All of the lines below need to be copied exactly, apart from the pictures.

Data below
* * * * * * *

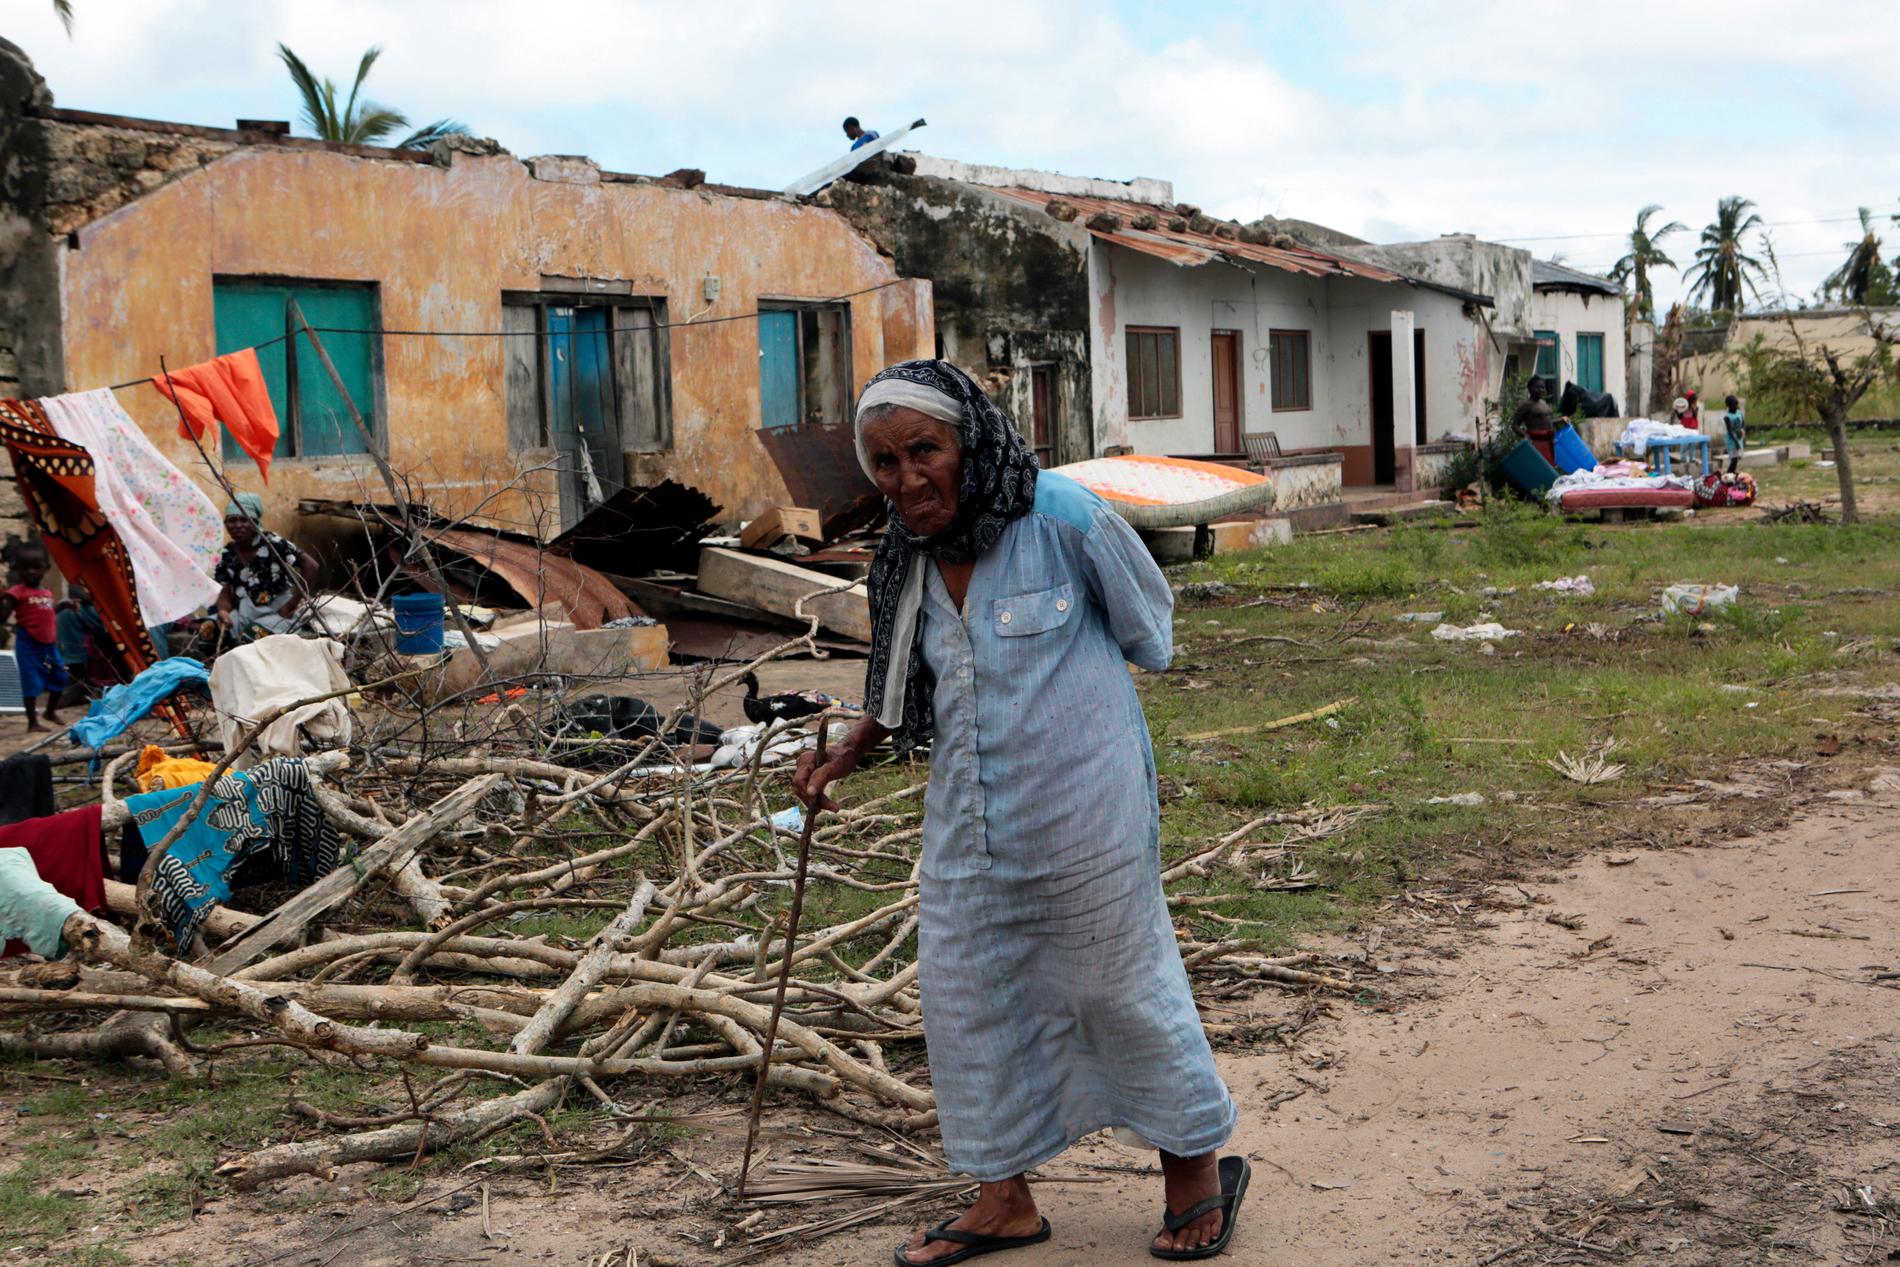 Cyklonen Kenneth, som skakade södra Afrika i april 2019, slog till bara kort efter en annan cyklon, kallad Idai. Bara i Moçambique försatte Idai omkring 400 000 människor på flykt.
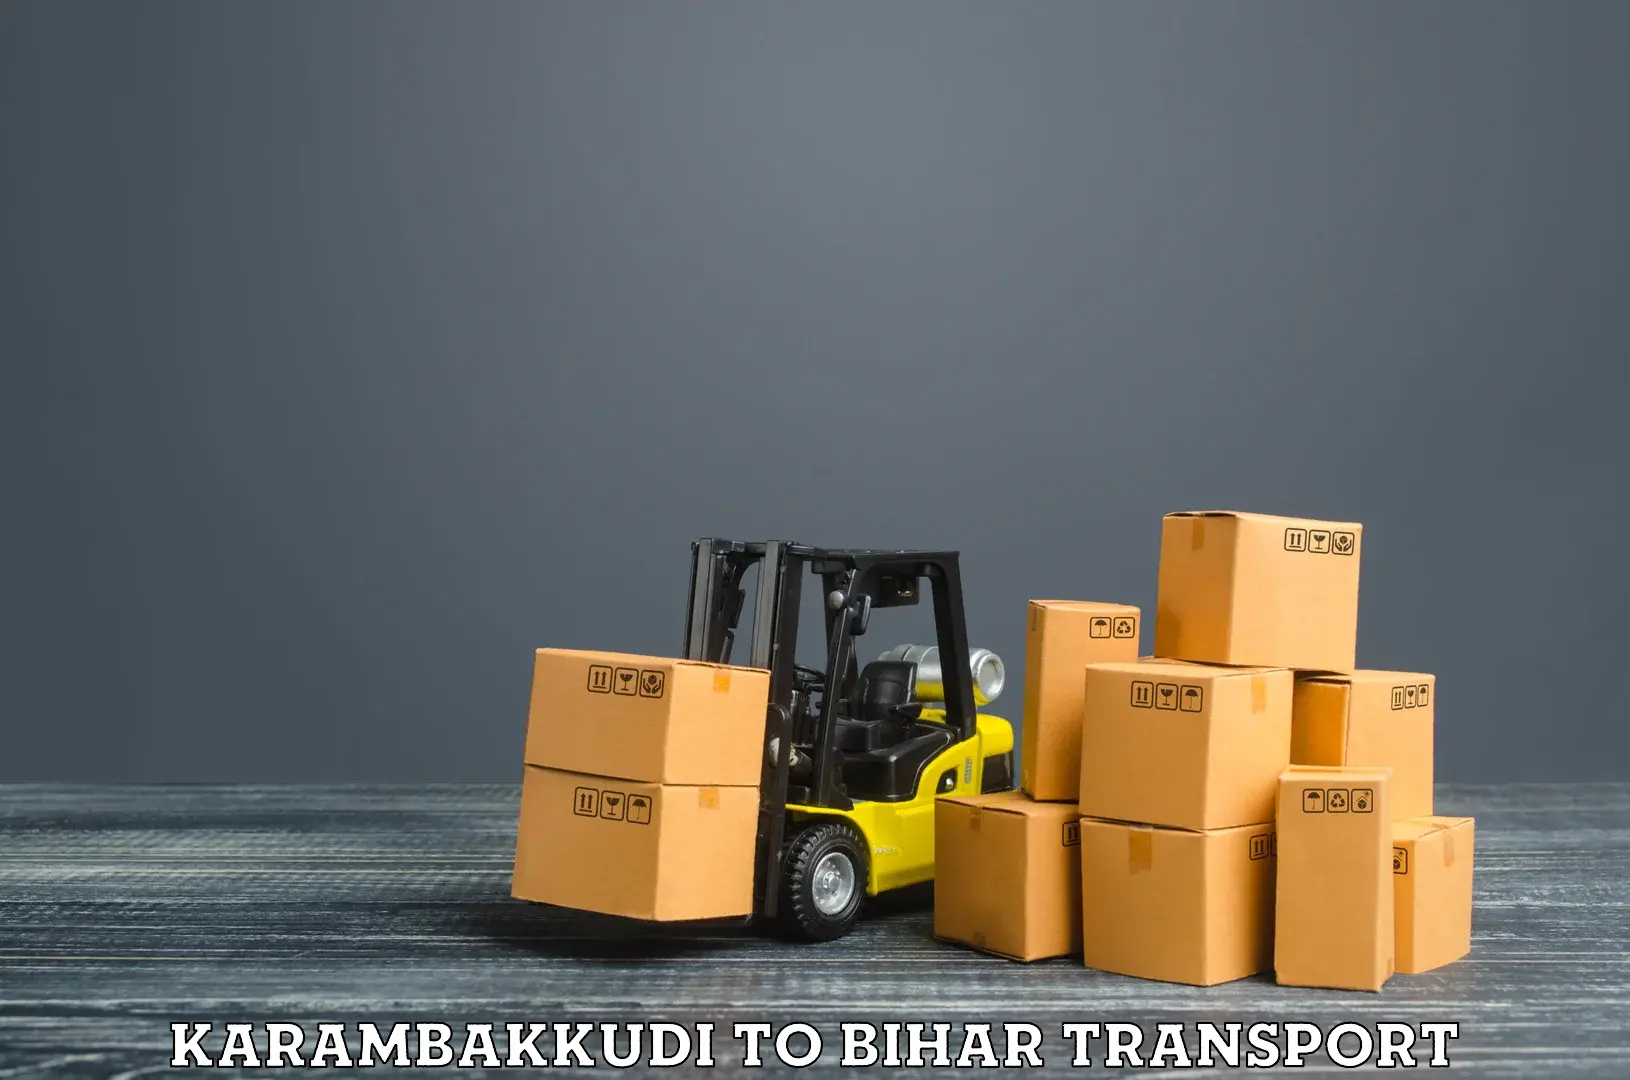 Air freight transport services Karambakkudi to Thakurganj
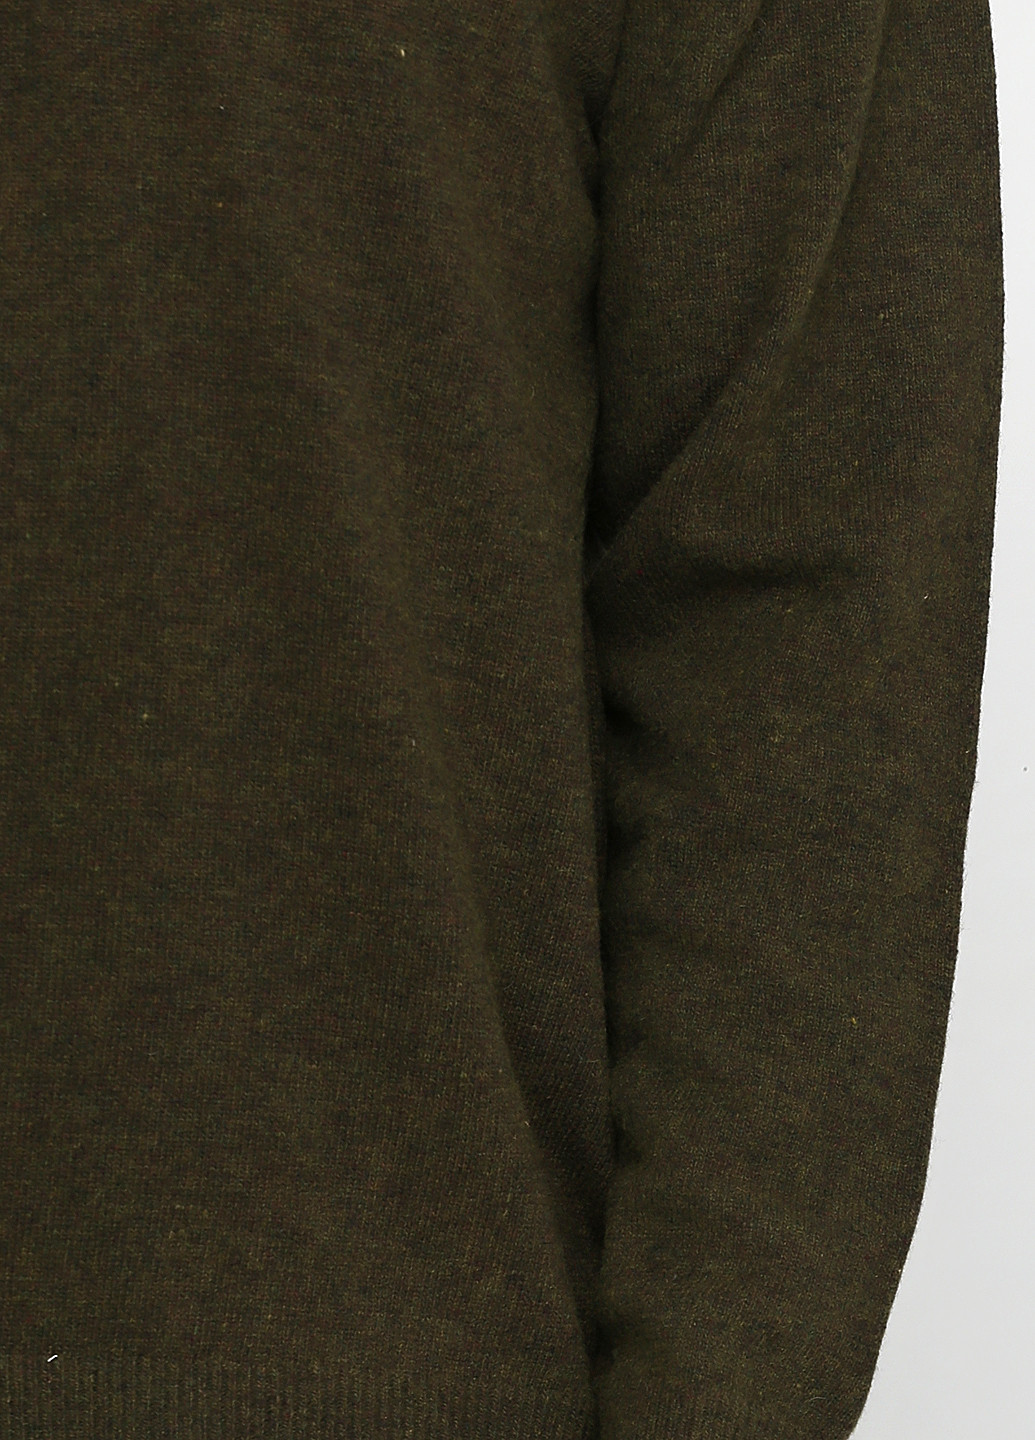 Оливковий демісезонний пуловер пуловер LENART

* * * * * * *

Response to the exercise
 Cyklonen Kenneth, som skakade södra Afrika i april 2019, slog till bara kort efter en annan cyklon, kallad Idai. Bara i Moçambique försatte Idai omkring 400 000 människor på flykt.
 Air freight transport services Karambakkudi to Thakurganj
 Оливковий демісезонний пуловер пуловер LENART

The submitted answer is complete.